Repeat the stretch of entries below from the line with "Disney XD anuncia" through the line with "Ballonfahrer/Aeronauten, die im". Include both ends and add nothing.

Listed records
Content starts

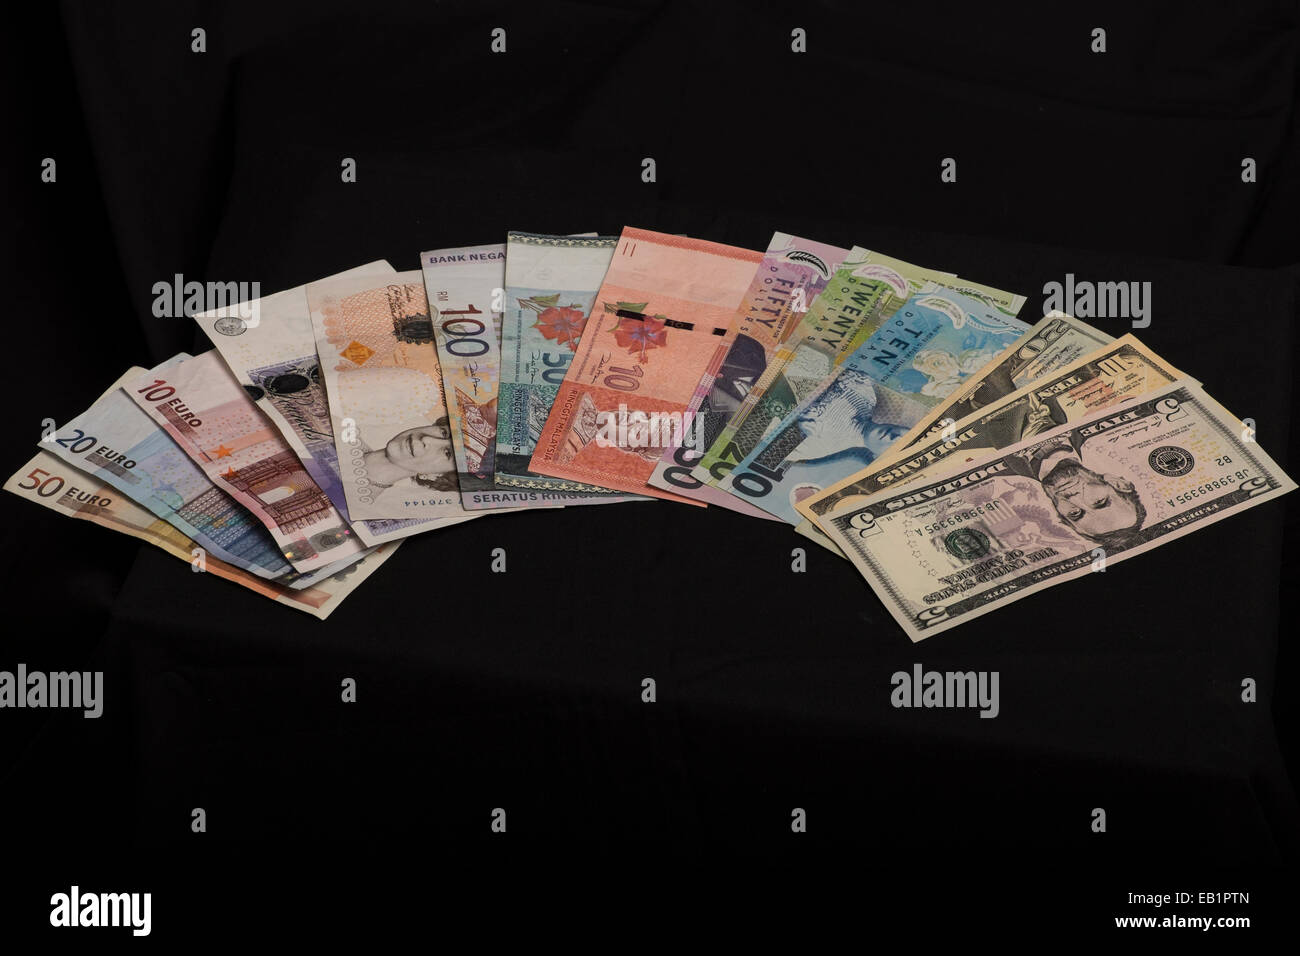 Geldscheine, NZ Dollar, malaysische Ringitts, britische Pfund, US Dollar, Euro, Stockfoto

Content ends
Content starts

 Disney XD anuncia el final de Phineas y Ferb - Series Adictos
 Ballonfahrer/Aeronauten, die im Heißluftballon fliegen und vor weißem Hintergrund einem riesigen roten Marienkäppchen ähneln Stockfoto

Content ends

Reply to the exercise
 Disney XD anuncia el final de Phineas y Ferb - Series Adictos
 Ballonfahrer/Aeronauten, die im Heißluftballon fliegen und vor weißem Hintergrund einem riesigen roten Marienkäppchen ähneln Stockfoto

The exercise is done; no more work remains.